How exactly LCDOUT statement works?

[CuriousOne]

I have read manual, and it says nothing about $FE, and why it can't be $DC, for example.

And how this breaking into nibbles is done?
Can I have an example?
I mean, how can I instruct LCDOUT to send 8 bit data command.

[HenrikOlsson]

$FE is the "signal" to the compiler that the next byte should be sent to the LCD as a command and not as data. The fact that it's $FE and not something else is most likely because $FE in the character set of the HD44780 is a white space (at least in ROM code A00) which there already is a valid ASCII code for within the character set ($20).

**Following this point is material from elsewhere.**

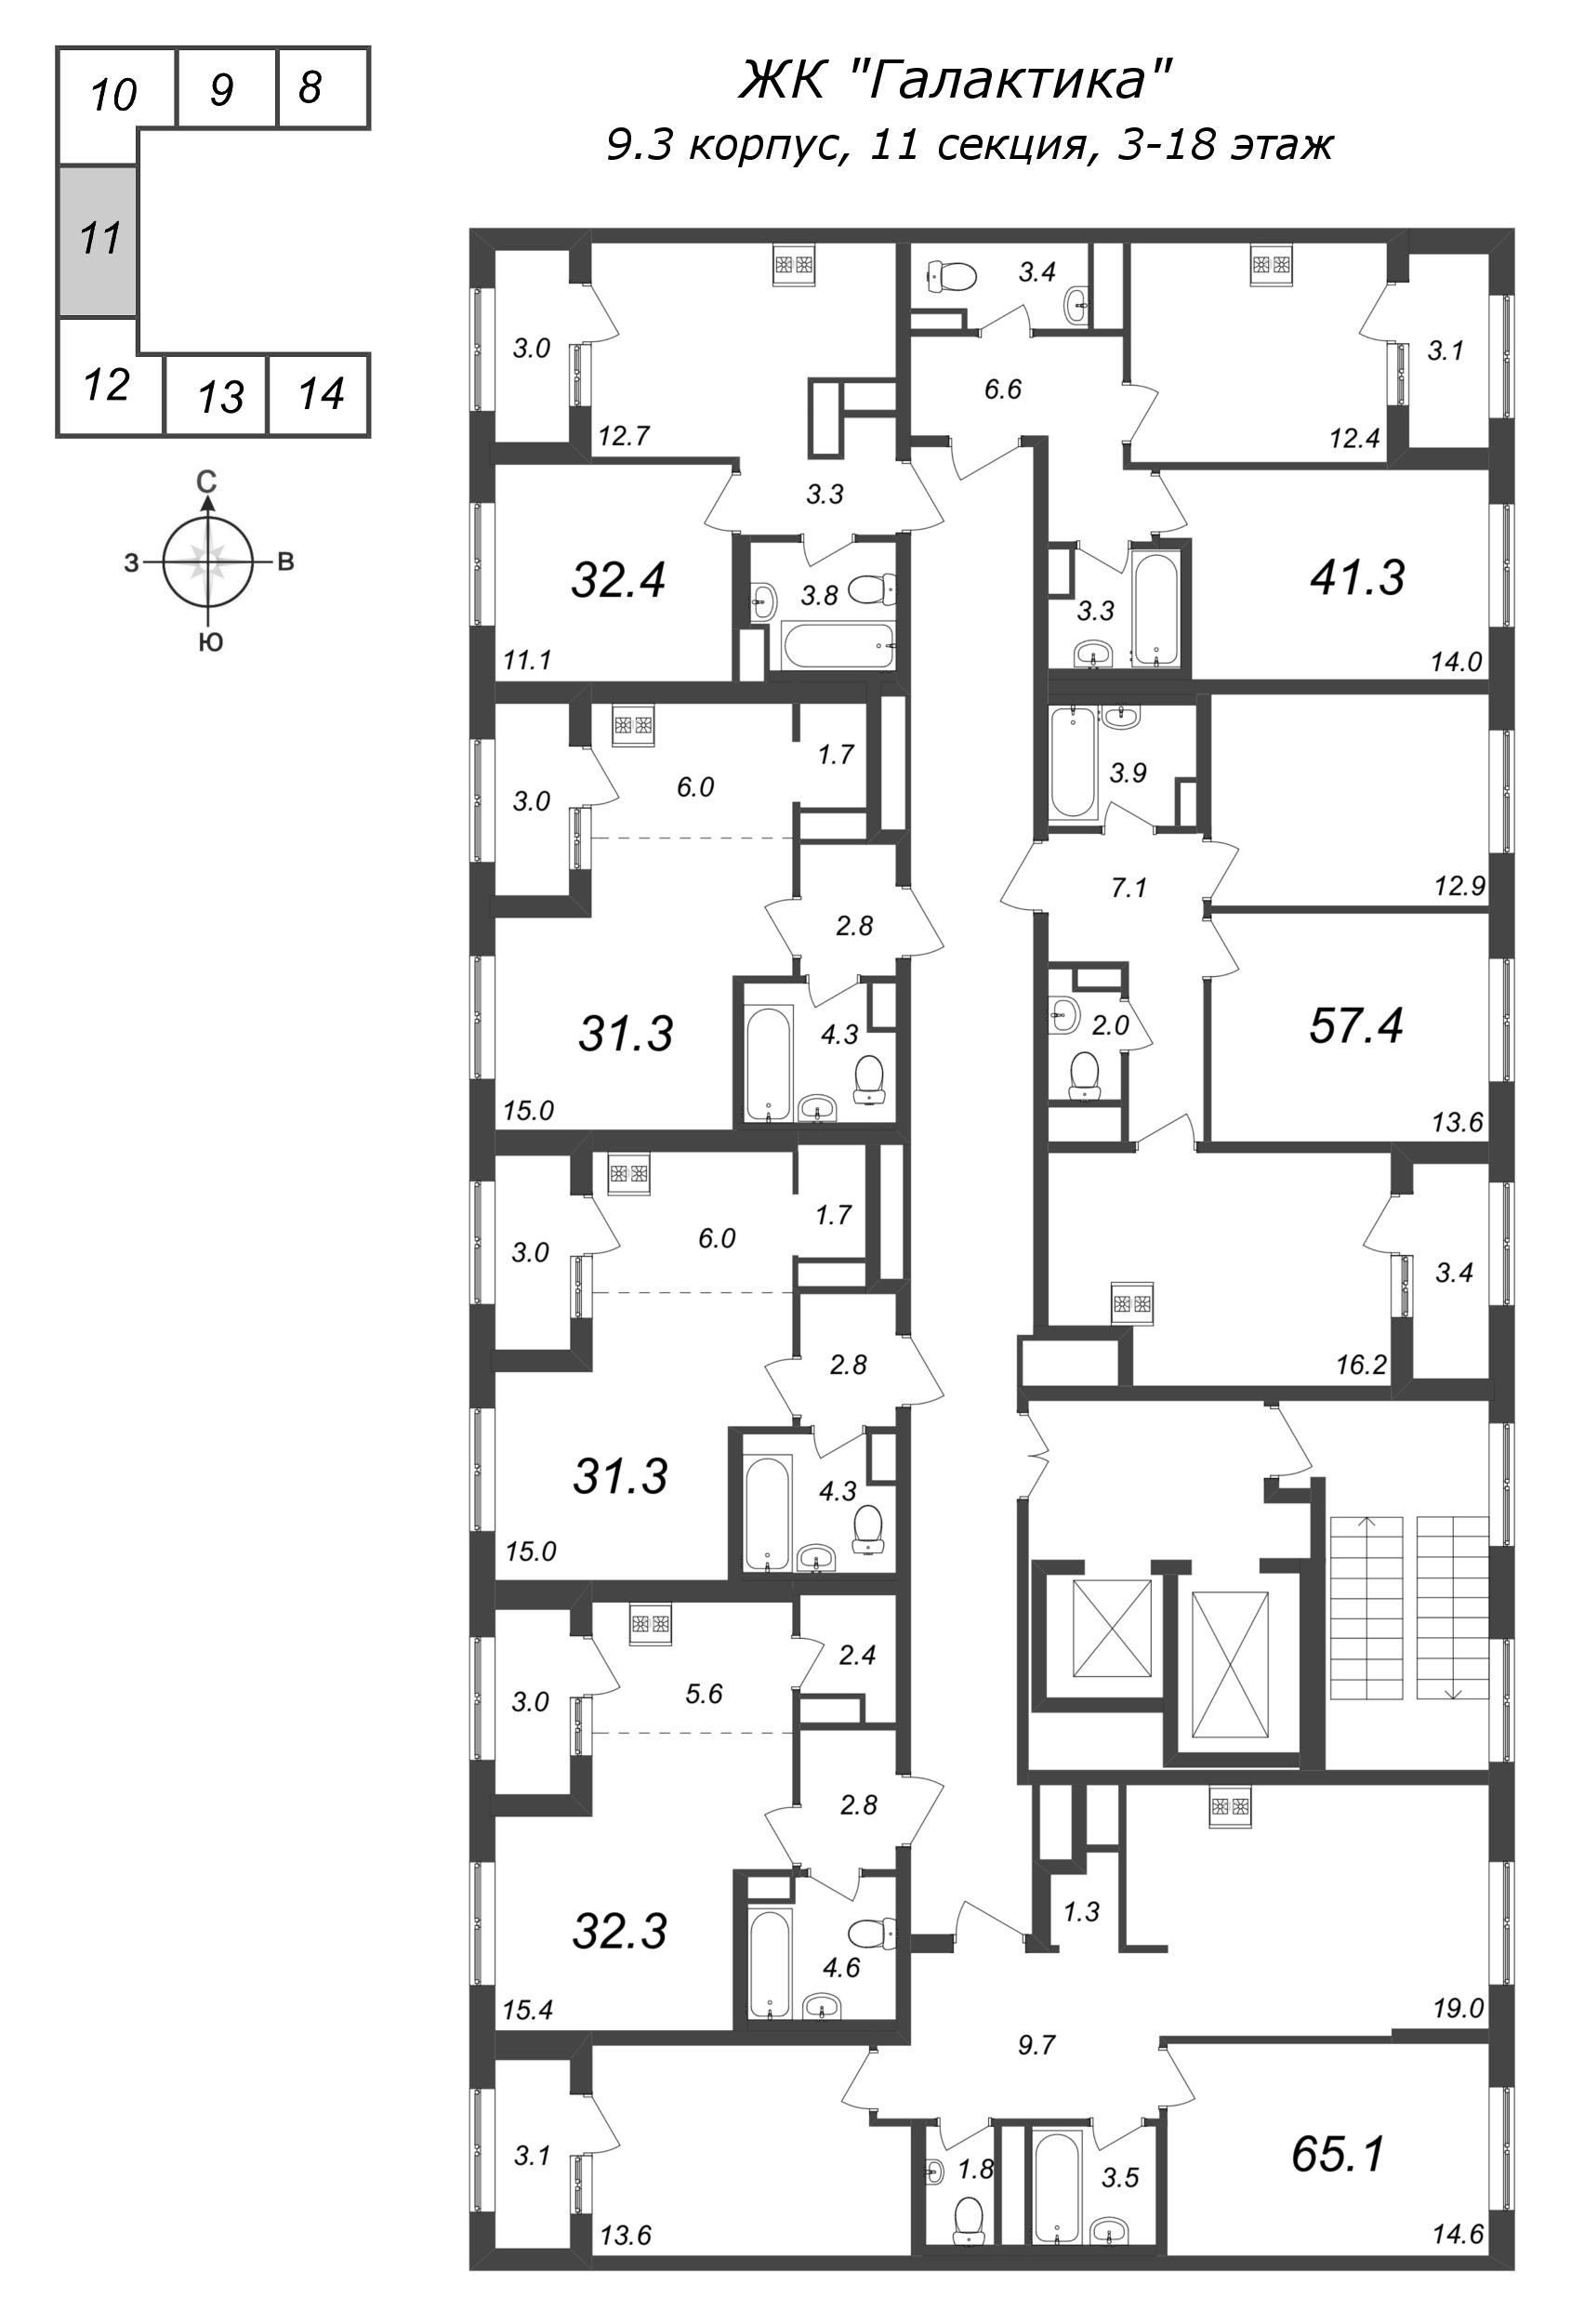 Квартира-студия, 32.2 м² в ЖК "Галактика" - планировка этажа

DEFINE LCD_BITS 8 will instruct the compiler to talk to the LCD in 8-bit mode. This IS covered in the manual, there's even setup code and schematic for 8-bit mode. The LCDOUT command itself is used exactly the same, no matter 4 or 8 bit mode. Read through the section on LCDOUT again.

[CuriousOne]

I know how to set up 8 bit connection.
I want to learn how to transfer 8 or 16 bits with 4 bit connection.
Because say

LCDOUT $FE,0,1

is NOT equal (in terms what I see on display)

to

LCDOUT $FE,0
LCDOUT $FE,1

So I guess, on each LCDOUT statement, there's something special made to display. So I'm interested exactly what happens.

[HenrikOlsson]

Again, $FE is the "signal" to the compiler that the next byte should be sent to the LCD as a command and not as data.

LCDOUT $FE, 0, 1 will send the value 0 to the instruction register and then the value 1 to the data register of the LCD controller.
LCDOUT $FE, 0, $FE, 1 will send 0 and 1, both to the instruction register.

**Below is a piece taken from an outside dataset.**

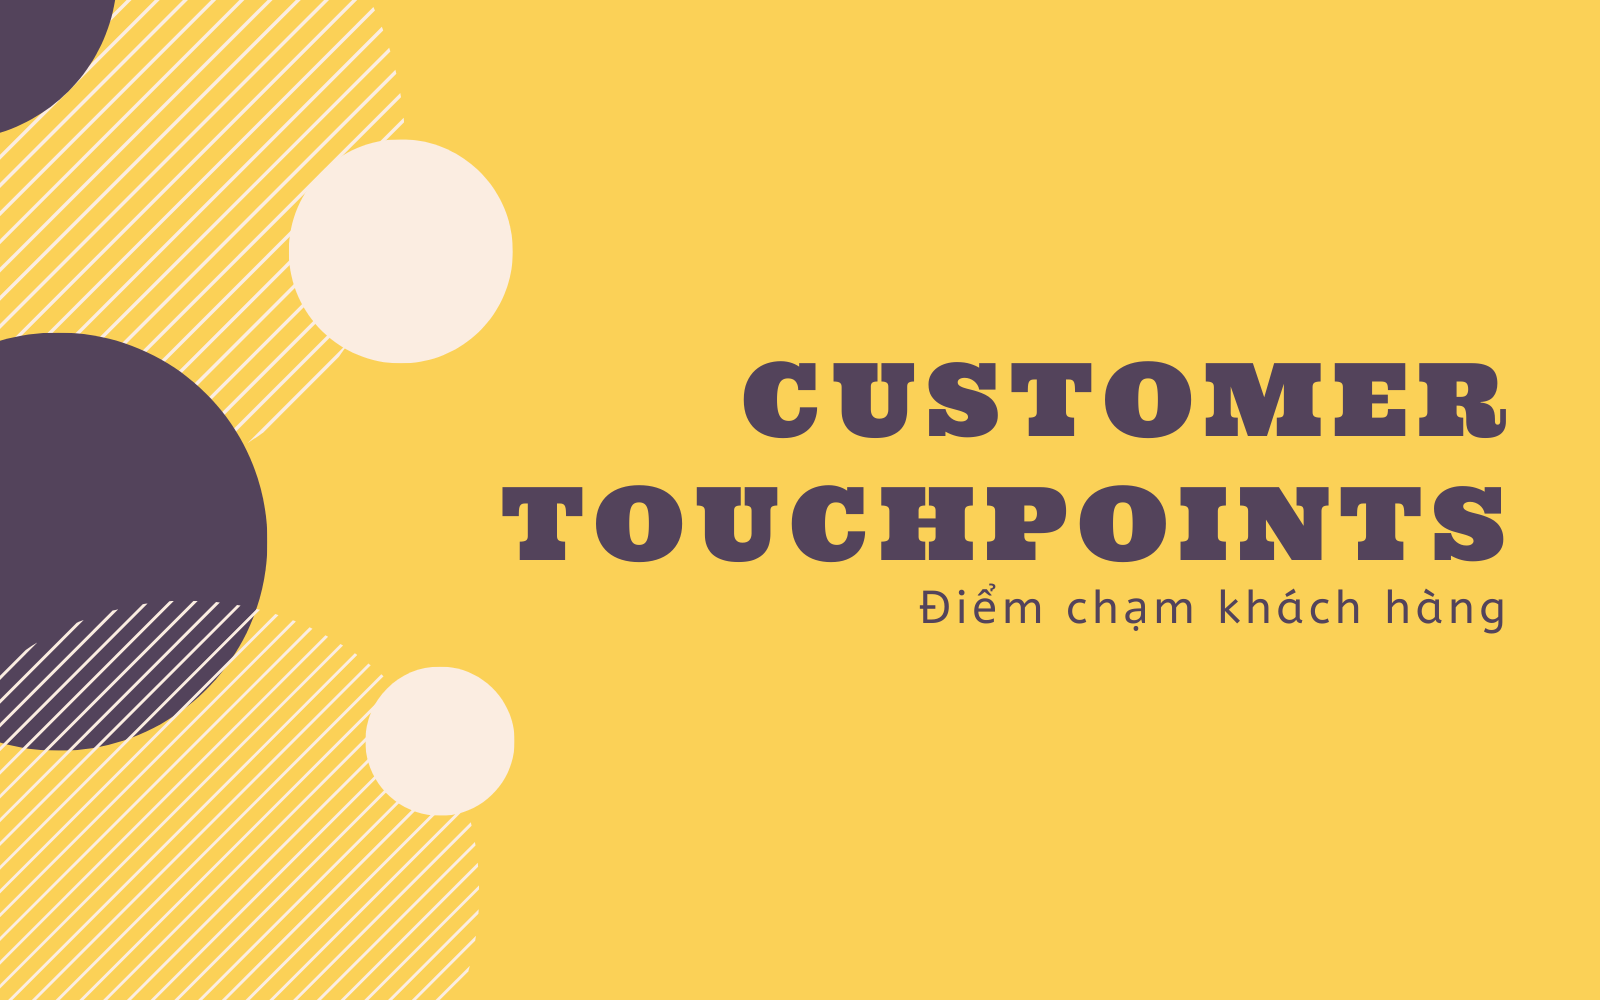 customer touch point là gì

On the LCD controller the RS-pin is what controls which register the data ends up with. $FE tells the compiler to generate code that pulls the RS-line LOW for the duration of the next byte transfer. It's as simple as that and it feels to me like your reading too much into it.

[CuriousOne]

I'm trying to deal with ST7920 controller, to enable the graphics mode.
It needs a complex initialization sequence. (like send this, then wait xx ms, then pull e high, then pull e down, then wait again, then send and so on) To make things simpler, I wanted to use LCDOUT, instead of port bitbanging, but as it seems, that is impossible.

[HenrikOlsson]

Well, LCDOUT is designed for 44780 compatible controllers. A quick look at the ST7920 datasheet seems to indicate that it's sort of compatible but with extended functionallity. It may or may not work with LCDOUT.
Do you have it connected with 4-bit or 8-bit interface?

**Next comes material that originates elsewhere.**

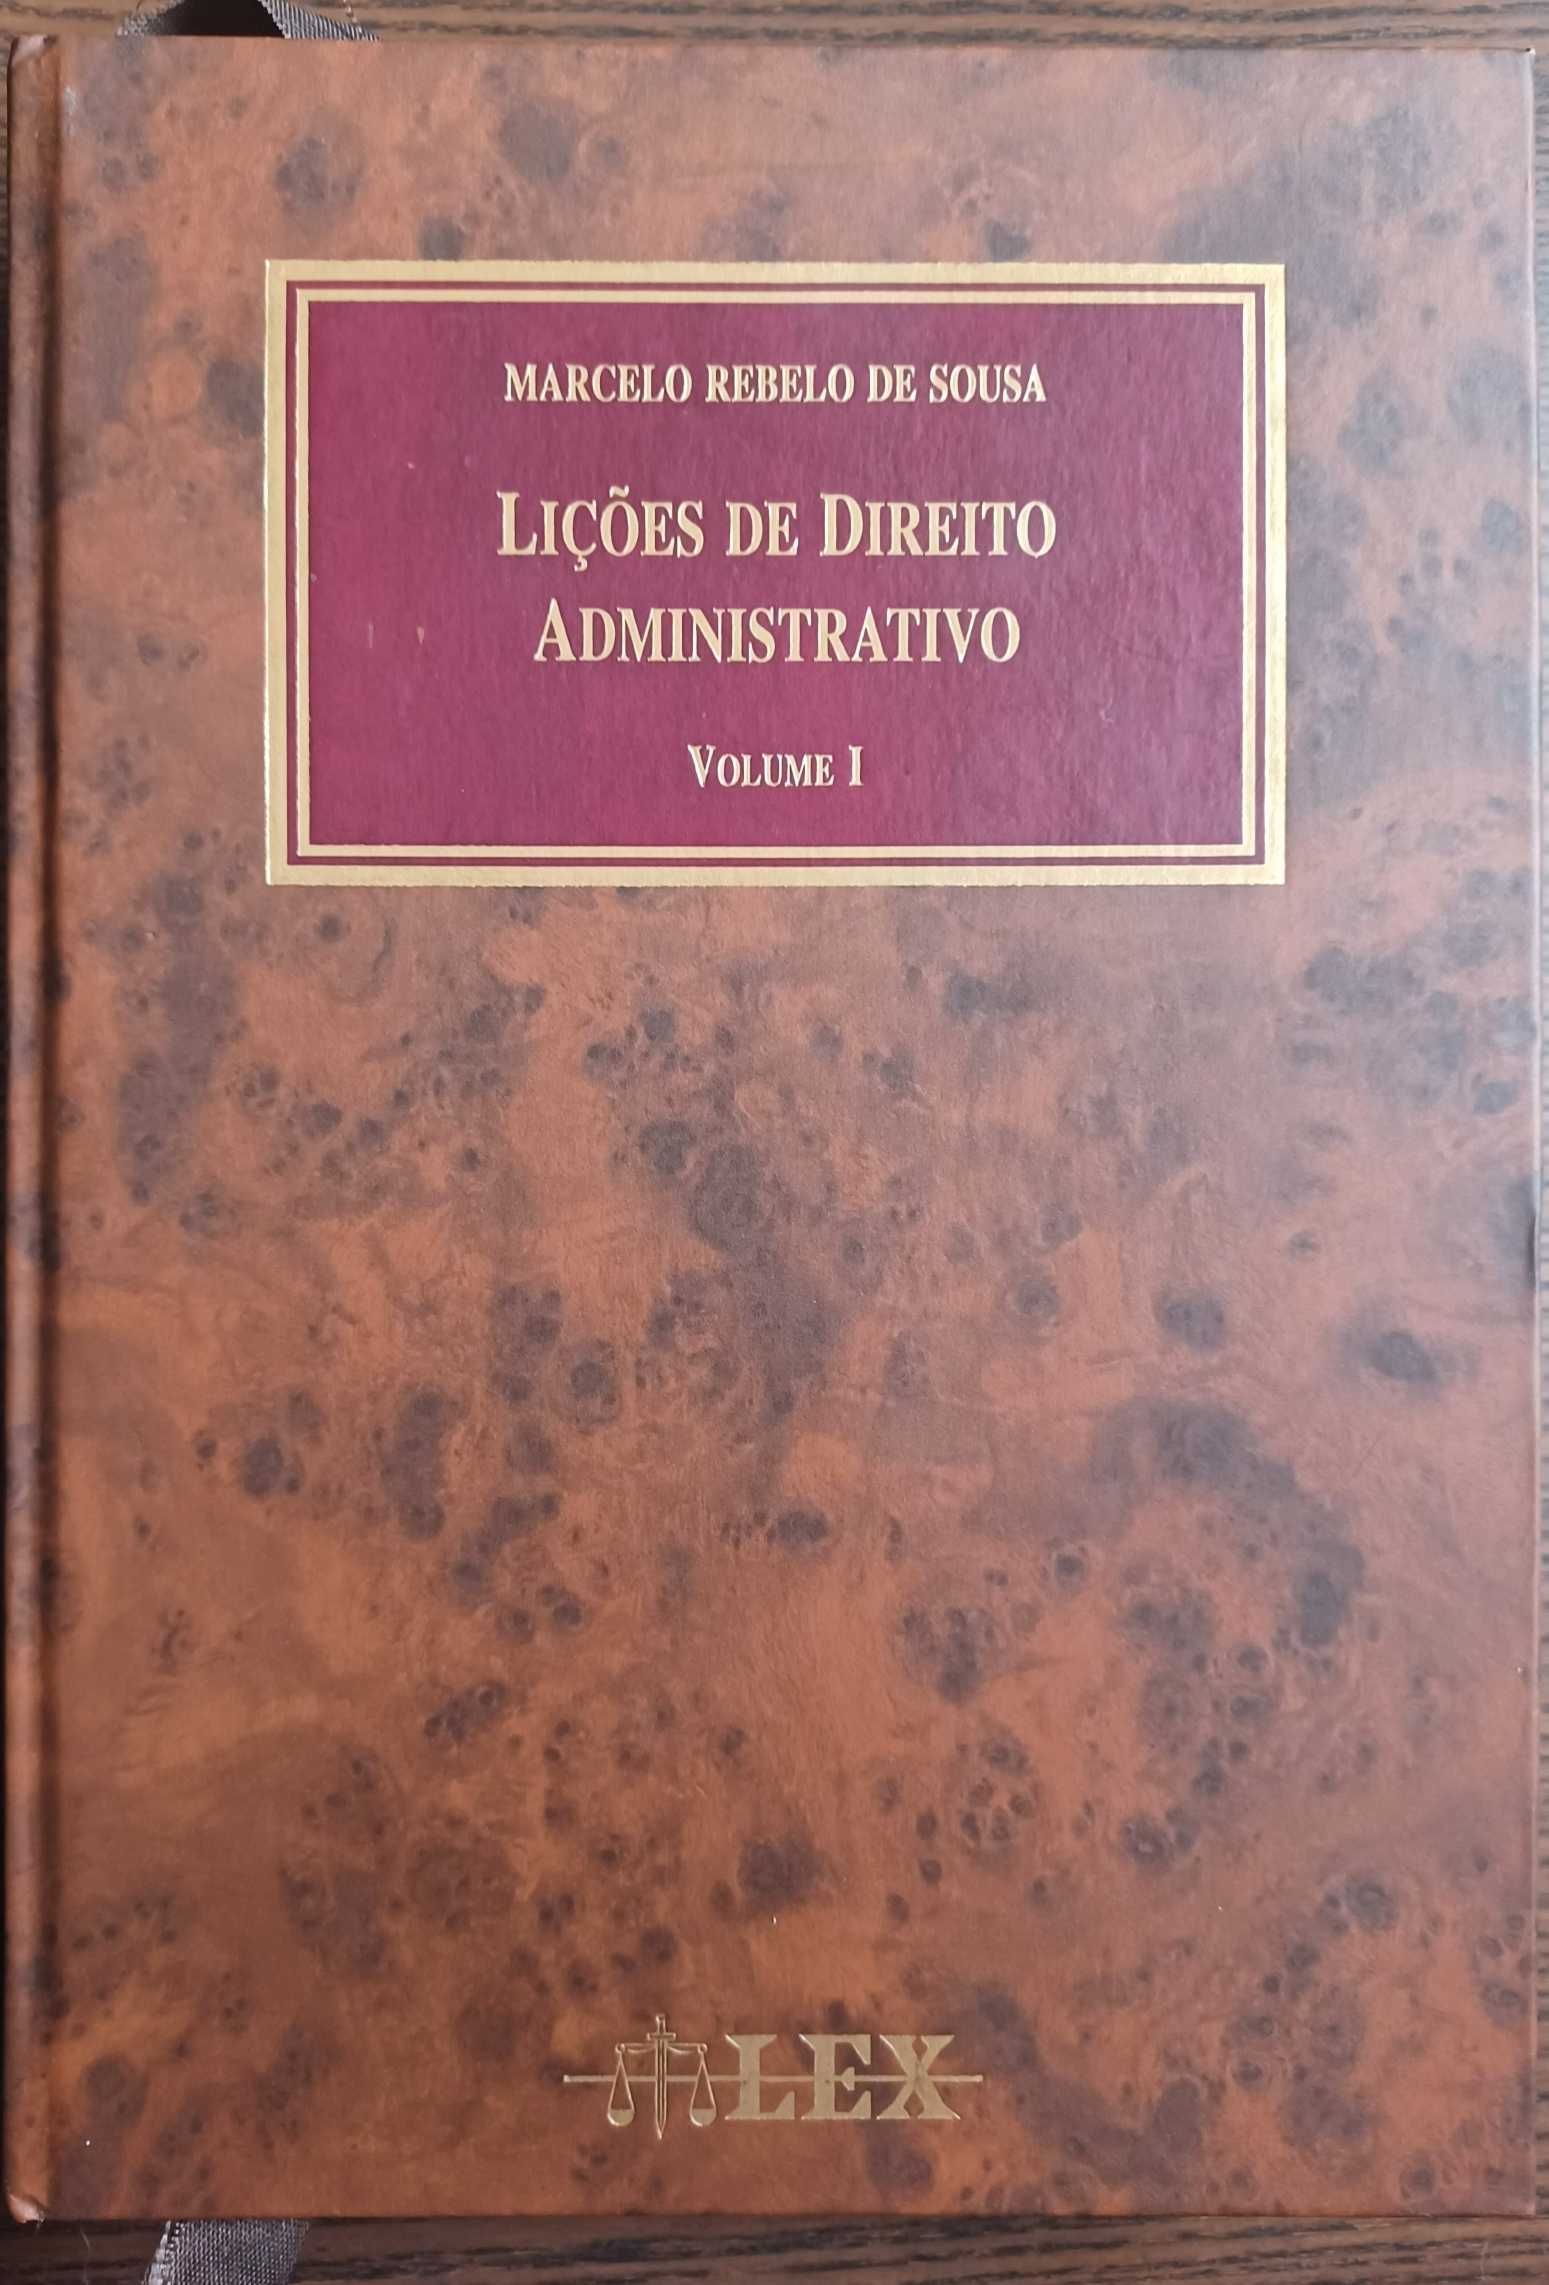 Lições de Direito Administrativo, Volume I, Marcelo Rebelo de Sousa

I would let the compiler do the initial initalization, setting 4/8-bit interface etc. Then I would make two manual writes enabling graphics mode and extended function set mode, making SURE I don't change the 4/8-bit mode flag when doing so. See the note in the datasheet that you can't change DL, RE, and G at the same time, hence the multiple writes. Provided 4-bit interface is used I would try:

Code:

LCDOUT $FE, %00100100   ' Enable extended instruction set, keep 4-bit interface.
LCDOUT $FE, %00100110   ' Enable graphics mode, keep 4-bit interface and extended instruction set.

[CuriousOne]

Yes I have it connected via 4 bit interface. This is a special kind of ST7920 module, which has physical dimensions and pinout of standard 1602 LCD module, and in most cases, just works as drop-in replacement.
So far, I've figured an easy ways how to use LCDOUT to display all extended characters and features for this display. The graphic mode remains a mystery. My idea is to develop a PBP code, which will allow to use this module with existing 1602 LCD codes with as less modification, as possible.

I will try your solution today later and will write back.